The founders were, relatively speaking, farmhands, such as Connecticut's Roger Sherman ("self-educated farmer, shoemaker, surveyor"), whose portrait reveals a sober man bereft of powder and wig. That conspicuous worn spot on the pants of his right knee belied his deft devising of the Bill of Rights.

Surely, Thomas Jefferson, an erudite Colonial aristocrat if there ever was one, who was capable of holding his own intellectually with anyone in the world, deliberately misspoke, as Bailyn notes, when he told a European dignitary, "Ours are the only farmers who can read Homer."

Jefferson is pilloried today for being a philanderer and hypocrite regarding slaves (particularly his own) and his country's native people, as well as a dangerous sloganizer. But for all his "ambiguities," says Bailyn, he was more.

Jefferson was, as Erik Erikson called him, a man of protean intellect and abilities.

The author of the Declaration of Independence was one of the chief architects of "an intensely creative moment in Western history" when, despite what England and Europe's best and brightest said couldn't be done, the founders were inspired to see -- and hope and dream.

However provincial, they were the soul of wisdom and creative inspiration. They could envision and create a better world.

The founders knew they were betting on their ability to outline a government -- and counting on farmers who read Homer.

Jefferson and Alexander Hamilton, the chief organizer of the Federalist Papers, which shrewdly laid out the case for the Constitution, were feet-on-the-ground revolutionaries willing to gamble on the future.

They were not, as Reinhold Niebuhr would say almost 200 years later in trying to find a realistic foundation for democracy, "foolish children of light" who overestimate man's goodness; nor were they "evil children of darkness" who see only human venality.

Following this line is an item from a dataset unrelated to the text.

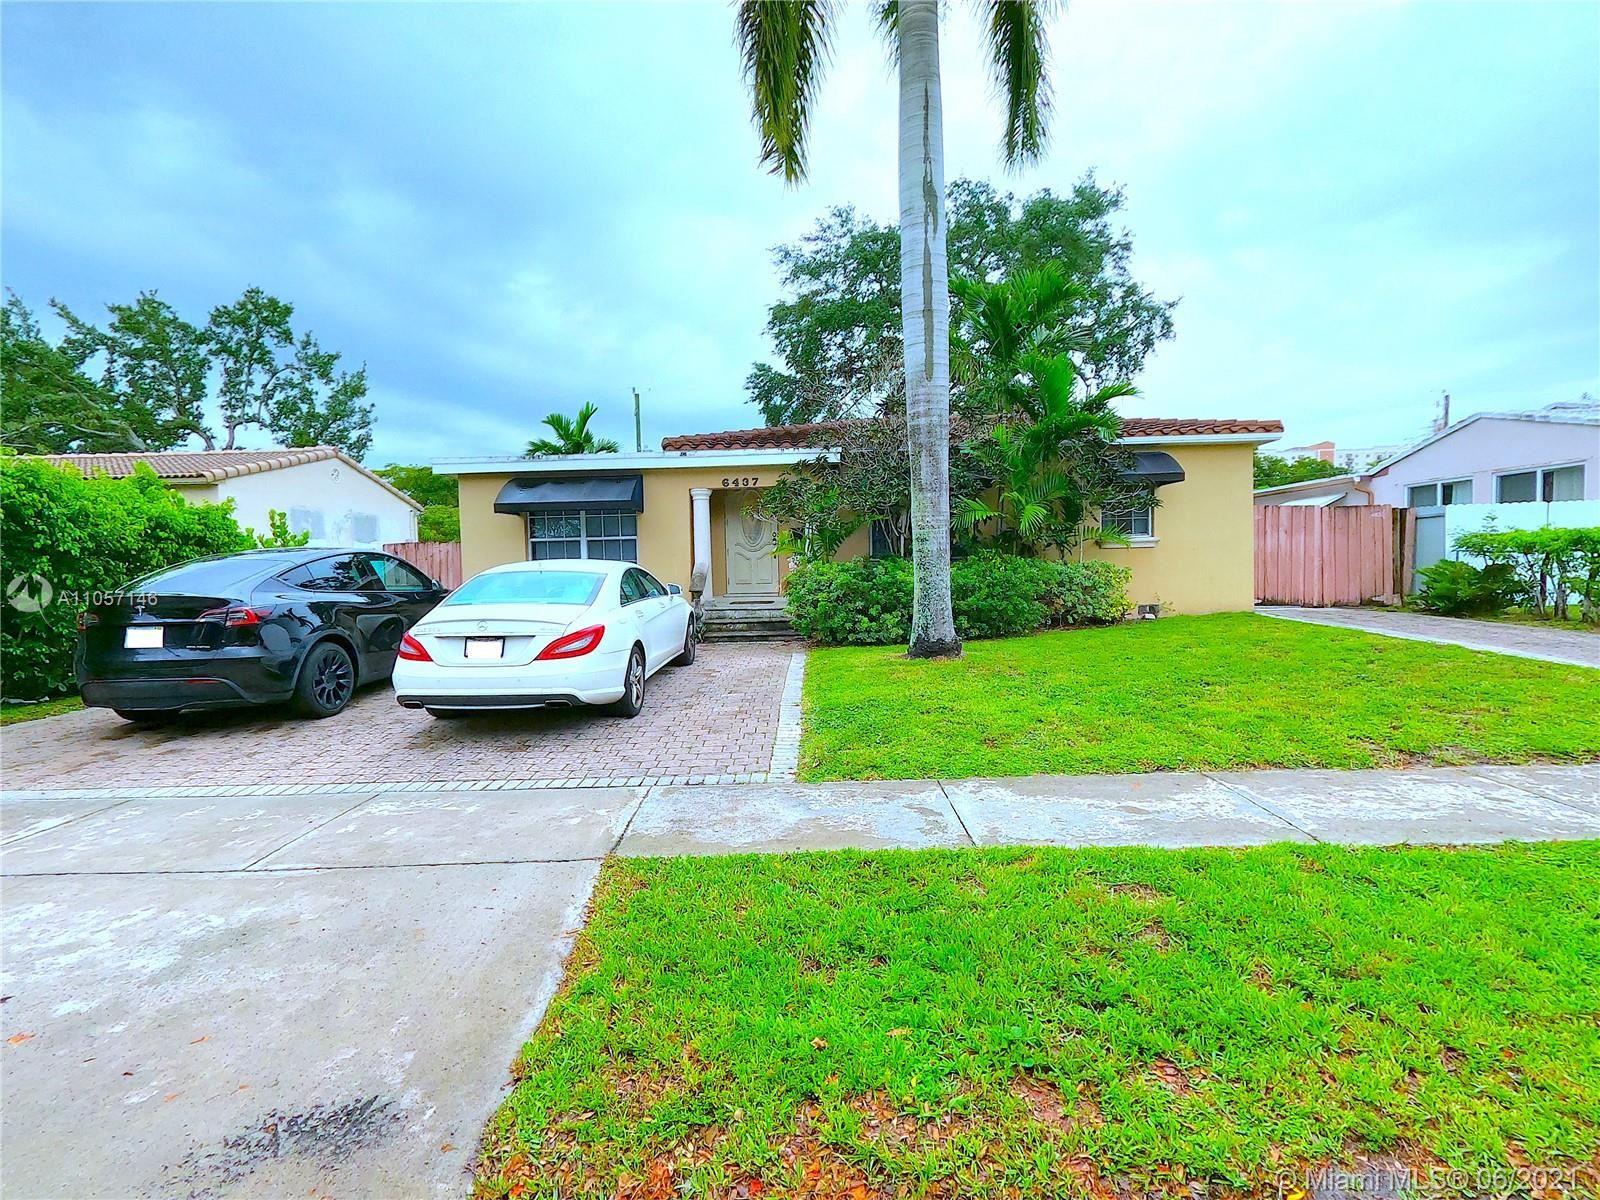 6437 SW 10th Ter, West Miami, FL 33144 - #: A11057146

Defending the Constitution, James Madison struck a distinctly Niebuhrian note: "As there is a degree of depravity in mankind, which requires a certain degree of circumspection and distrust, so there are other qualities in human nature which justify a certain portion of esteem and confidence."

Writes Bailyn: "The great achievement" of Hamilton, Madison and John Hay, the authors of the Federalist Papers, "is not merely that they replied in detail to specific dangers that critics saw in the Constitution and explained in detail how the new government should, and would, work, but they did so without repudiating the past, without rejecting the basic ideology of the Revolution."

The founders did more: They created a better world through example and ideas clearly and cogently expressed.

There is nothing cocksure about Bailyn's conclusions. He admits to being in awe of the Revolutionary generation and still a bit bewildered, after a half century of studying them, at their accomplishment.

And he warns us to remember that the continued success of the Republic will take more than just good intentions.

It will require, as the founders knew deep in their bones, eternal vigilance in standing up for freedom and equality against those who would abuse freedom in the name of loyalty and, in the name of national safety and social order, deny liberty to honest dissenters.


Bruce Clayton is a historian and critic at Allegheny College in Meadville.